Больше Владислав Безуглов решил пока ничего не говорить. Он подошел к окну, чтобы определить какое теперь время года. Вчера была весна. Если бы сегодня наступила осень… Он раздвинул гардины. Была весна. Весна, природа пробуждается. Поэтому все может быть.
— Будешь на работе, подумай, как нам жить дальше, — сказала за спиной у него простыня.
— Что ты имеешь в виду? — он обернулся, надеясь, что ответа не услышит.
— Ты не находишь, что мы разные. Мы потеряли интерес друг к другу.
— Ну, — согласился Безуглов.
— Я так жить не могу, — продолжала простыня. — Давай расстанемся. По-хорошему.
— Это как?
— Не валяй дурака, ты прекрасно знаешь, что я говорю о разводе.
— Да?
— Мне нужен документ.
— Разве мы супруги?
— Но ты со мной спишь. Сколько лет!..
— Не с тобой, а на тебе.
— Какая разница?
— Я не могу дать развод, потому что ни на ком не женат.
— Ах, так?! Тогда женись!
— Чтобы женится, нужна женщина, — без претензии на оригинальность сказал Безуглов.
— А я, по-твоему, кто? — спросила простыня. — Что ты строишь удивленные глазки? Ты со мной спишь. Почему ты думаешь, что на мне не надо женится?
— Я прожил тридцать лет и три года, — овладев собой, ответил Владислав Игоревич. — И не слыхал, чтобы вещи говорили. Да притом всякую чепуху.
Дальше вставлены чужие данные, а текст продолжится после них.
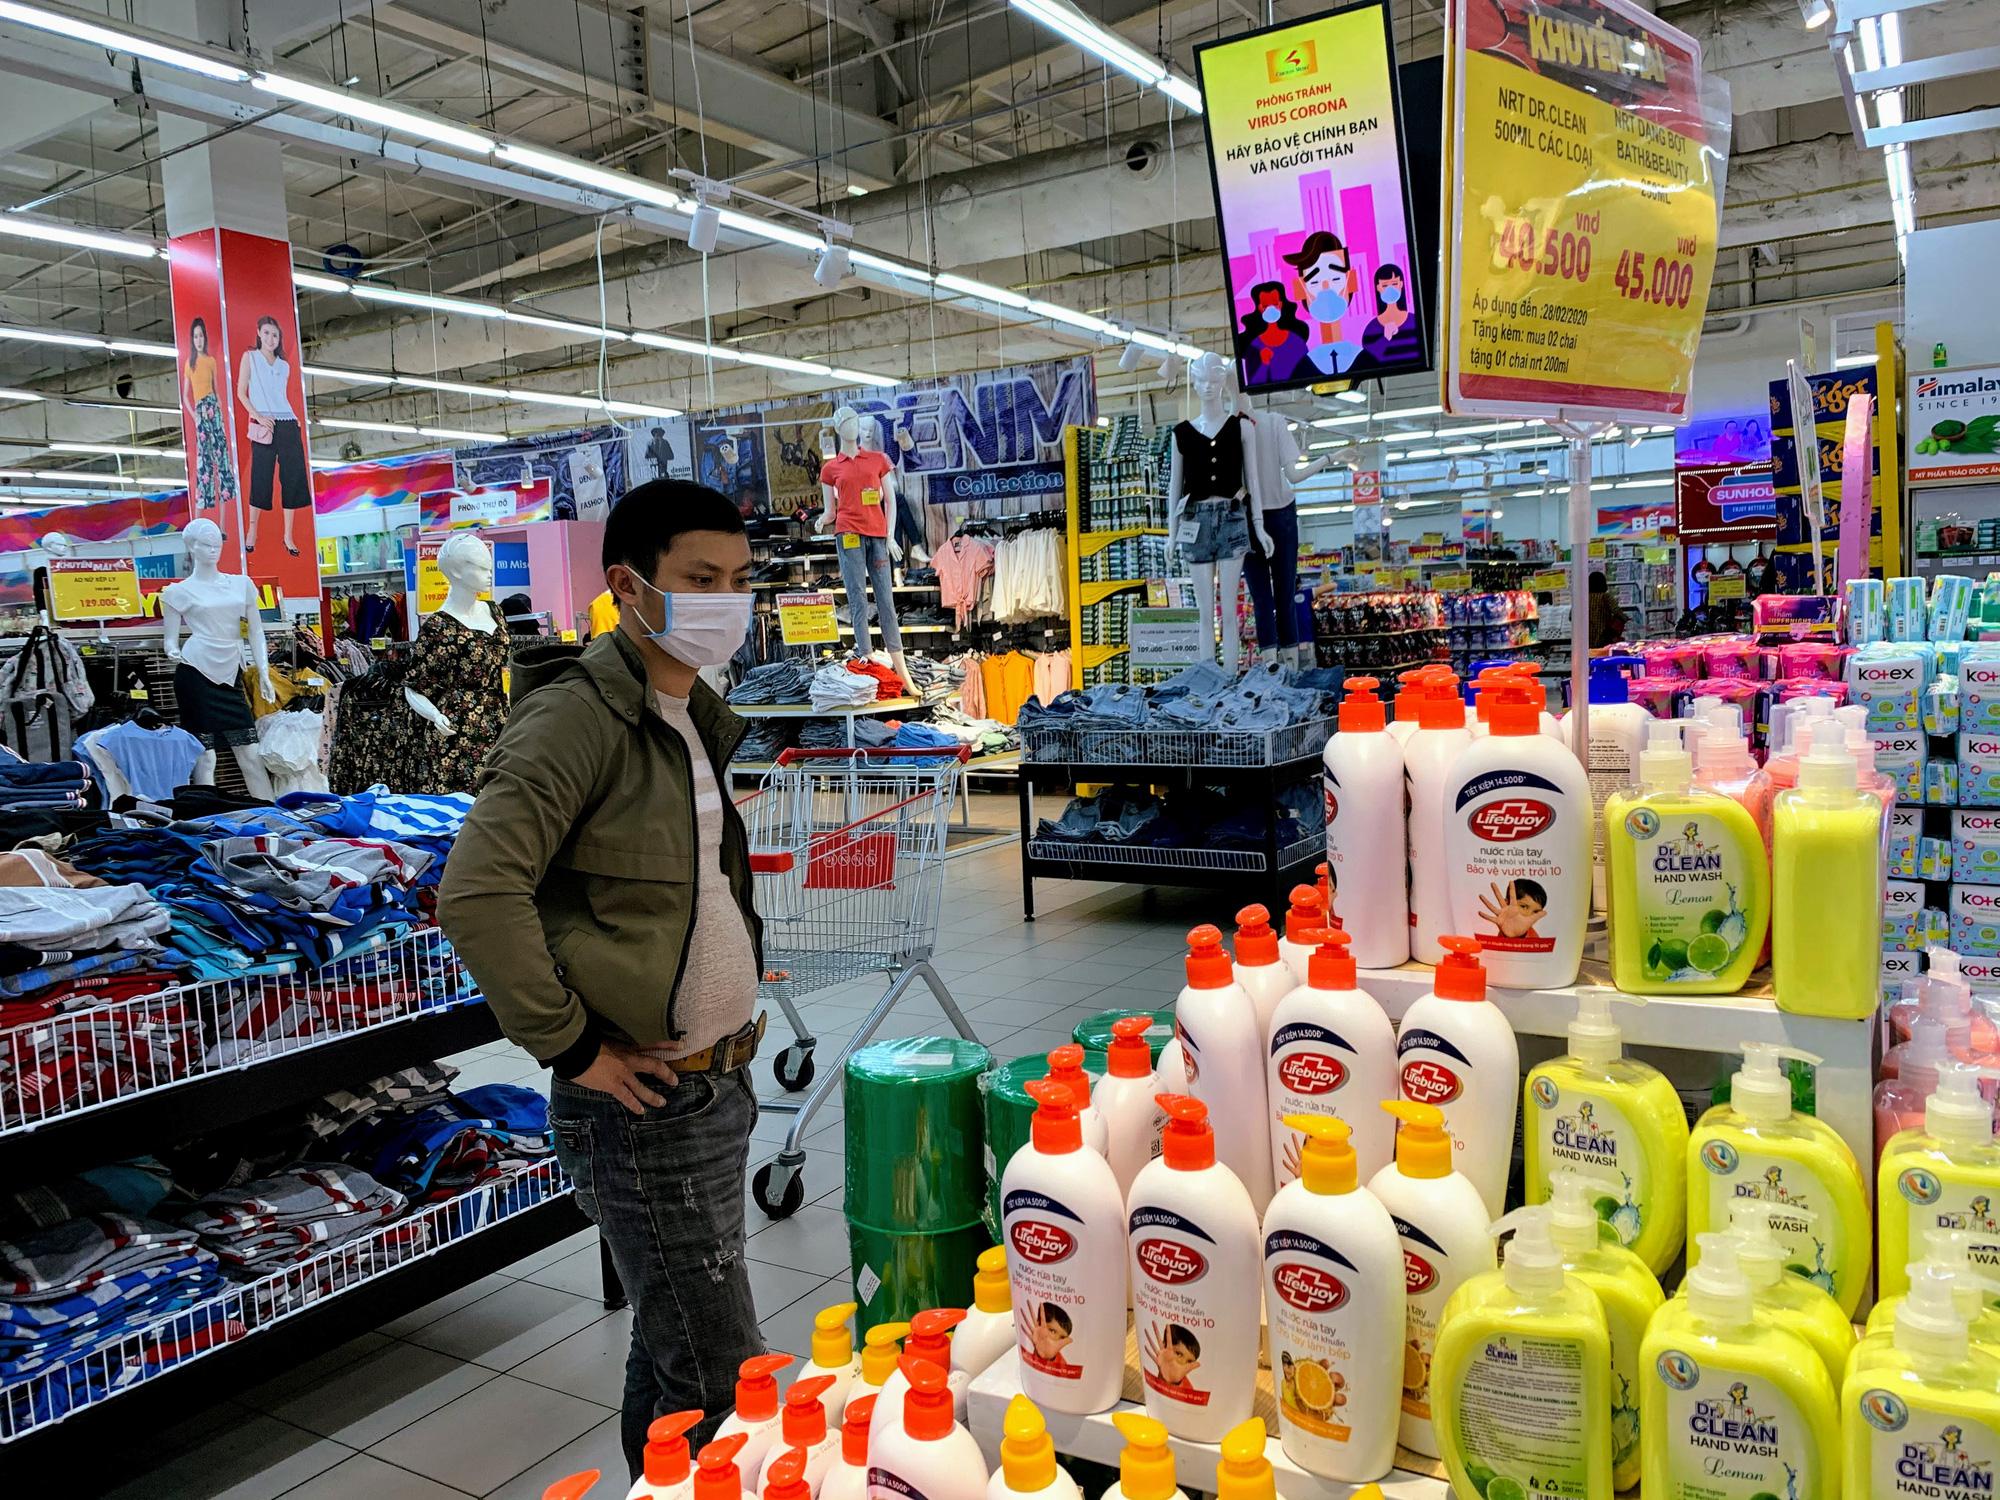 Ma trận nước rửa tay, gel sát khuẩn tại các siêu thị ở Hà Nội làm khó người tiêu dùng - Ảnh 8.

— Значит, я для тебя вещь, — обиделась простыня. — Почему же ты со мной спишь?
Владислав Игоревич не стал обсуждать положение. Он собрался, выпил чаю и ушел, надеясь, что как все началось, так все и образуется. Сказано уже, что был он человеком серьезным, нелепости его не занимали. Подумаешь, какая-то тряпка впала в амбицию. Выходя за дверь, он еще помнил о ней. Но, придя на завод, он уже думал о другом. Его ждала работа.
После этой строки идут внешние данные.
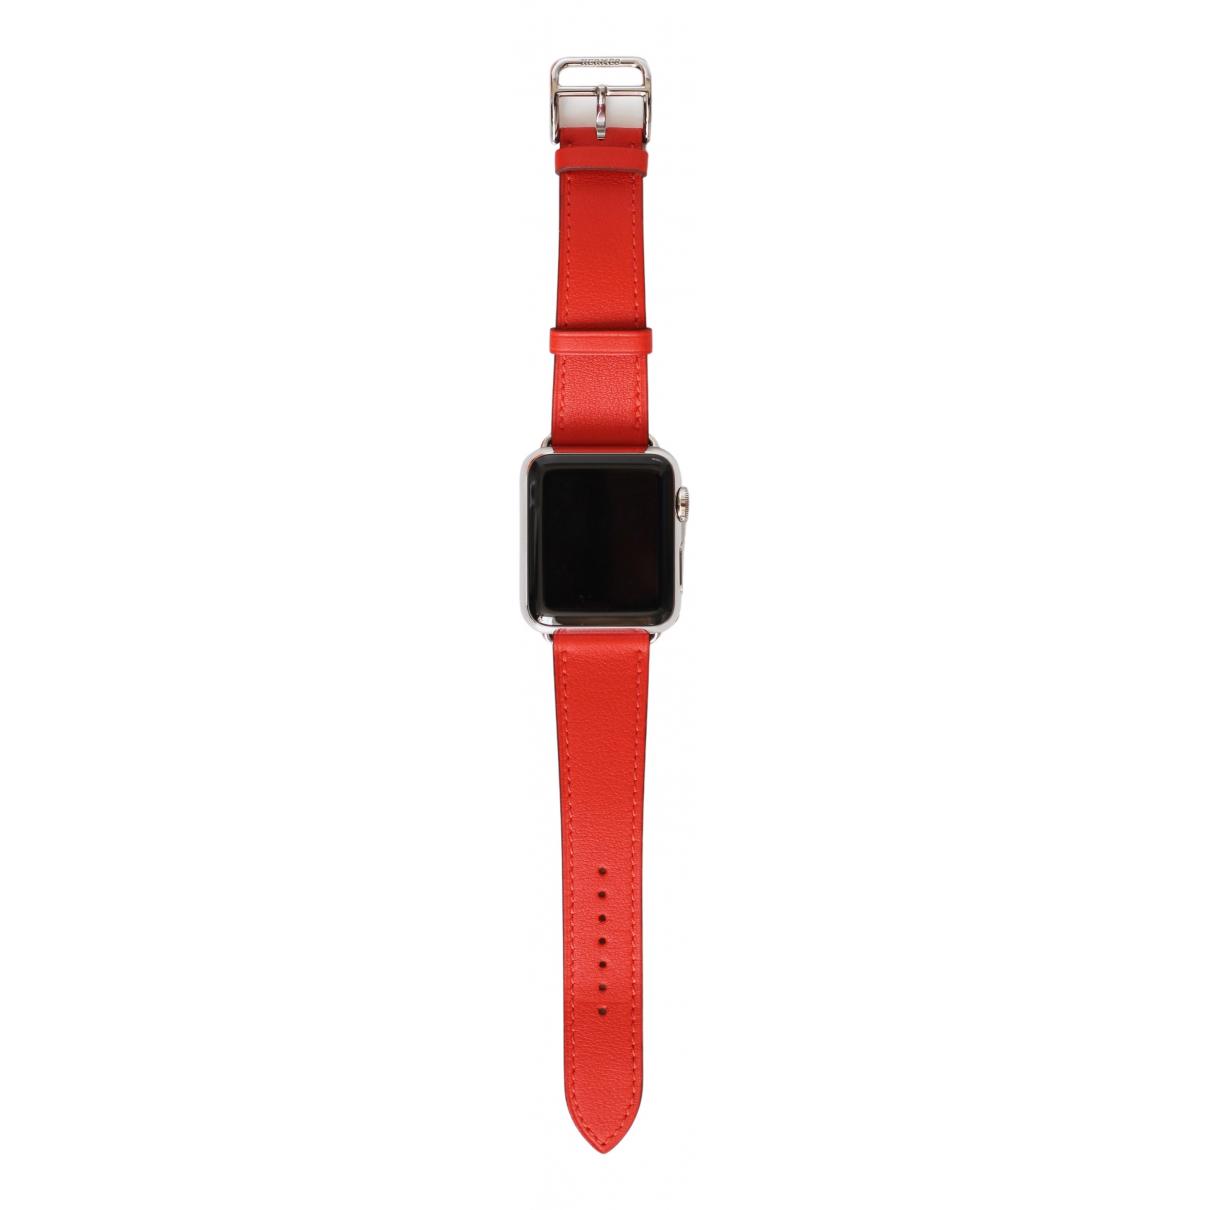 Hermes - Montre Apple Watch x Hermes 38mm pour femme en ceramique - rose

Работа — это один из способов уединения. Агрегатные станки, токарные полуавтоматы… Все требовали к себе его внимания. На девушек, работавших за станками, он никакого внимания не обращал. За исключением, разве, нормировщицы Светочки. К ней он относился дружелюбно, как к хорошей соседке. Об этом все знали в женском коллективе. Но это ему было безразлично.